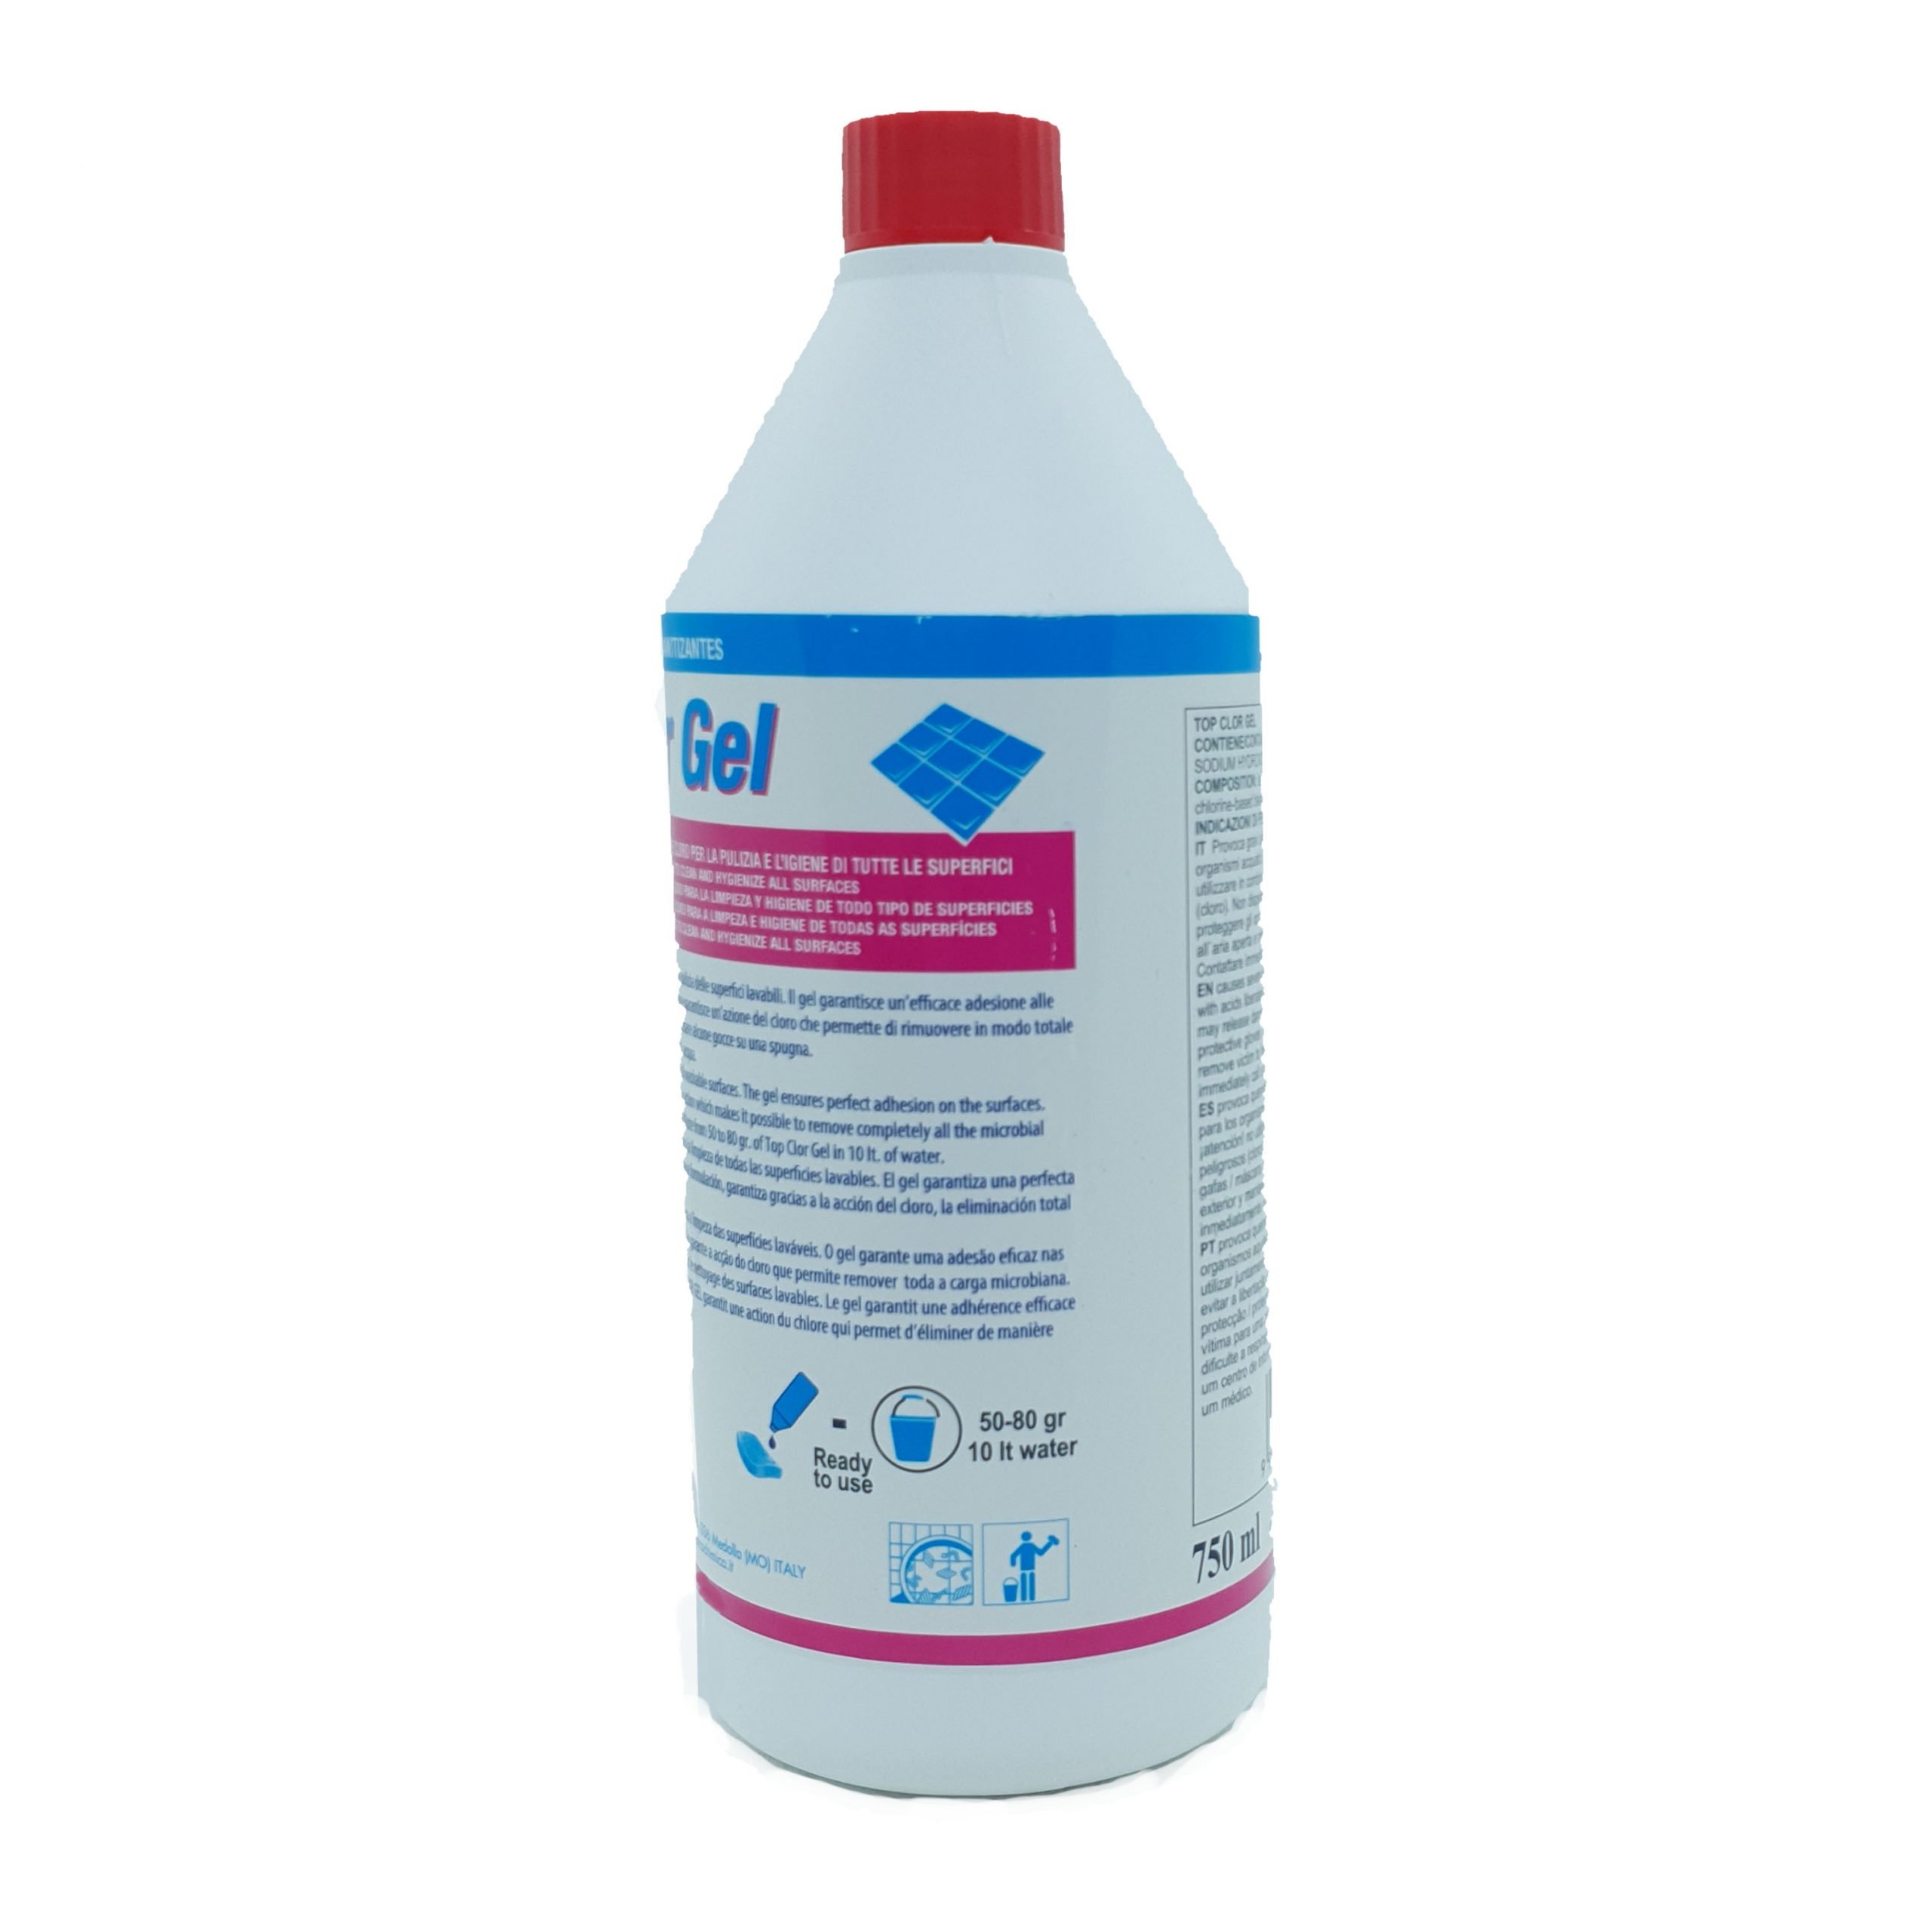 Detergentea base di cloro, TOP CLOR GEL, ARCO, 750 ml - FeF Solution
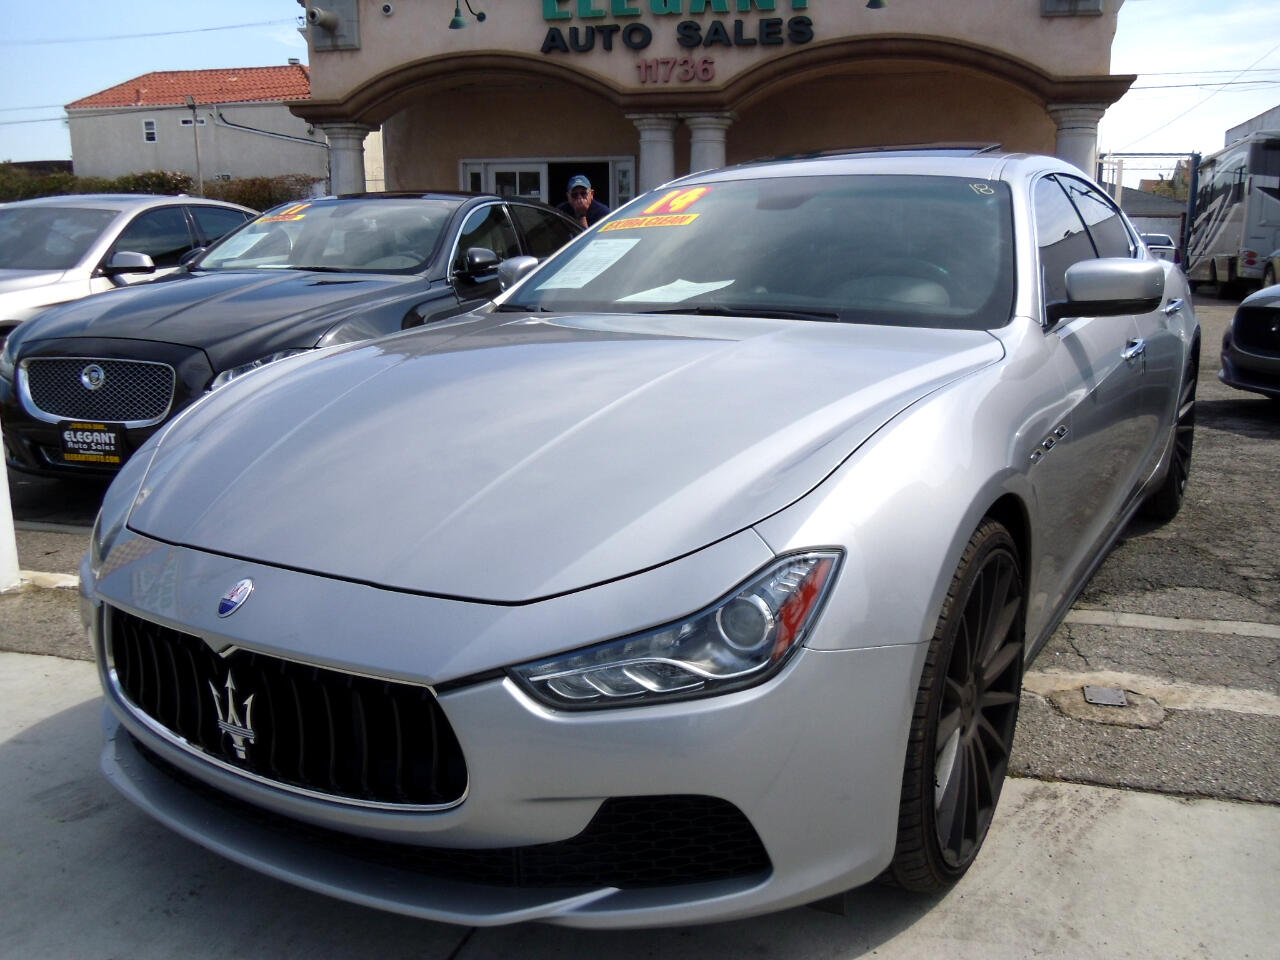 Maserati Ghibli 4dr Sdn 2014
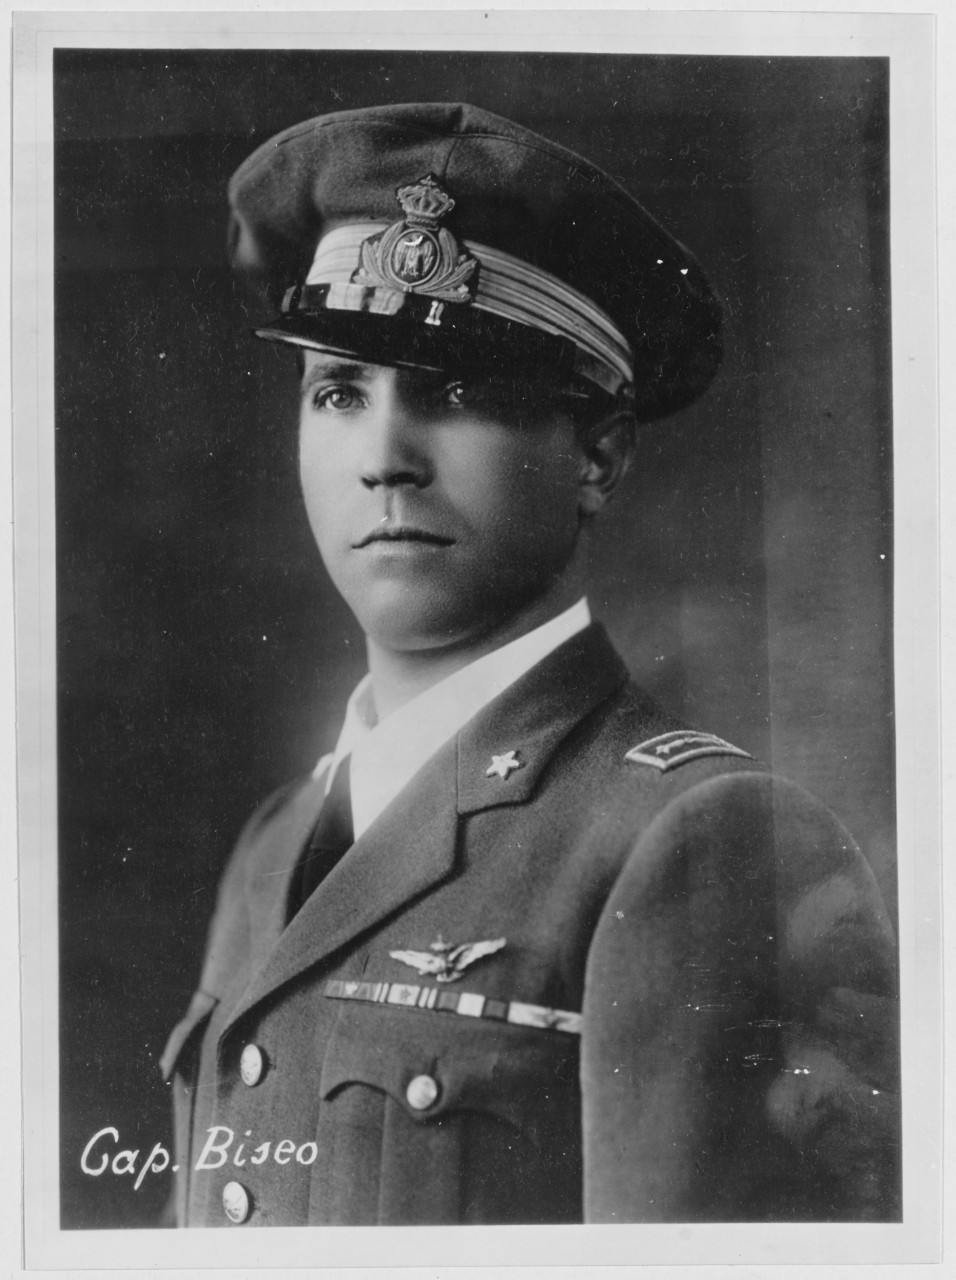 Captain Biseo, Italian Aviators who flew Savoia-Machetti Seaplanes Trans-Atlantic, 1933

* [Brief]: Wherever an image sits in the data, omit it; everything else must be copied exactly.

* [Result]:
 Detergentea base di cloro, TOP CLOR GEL, ARCO, 750 ml - FeF Solution
 Maserati Ghibli 4dr Sdn 2014
 Captain Biseo, Italian Aviators who flew Savoia-Machetti Seaplanes Trans-Atlantic, 1933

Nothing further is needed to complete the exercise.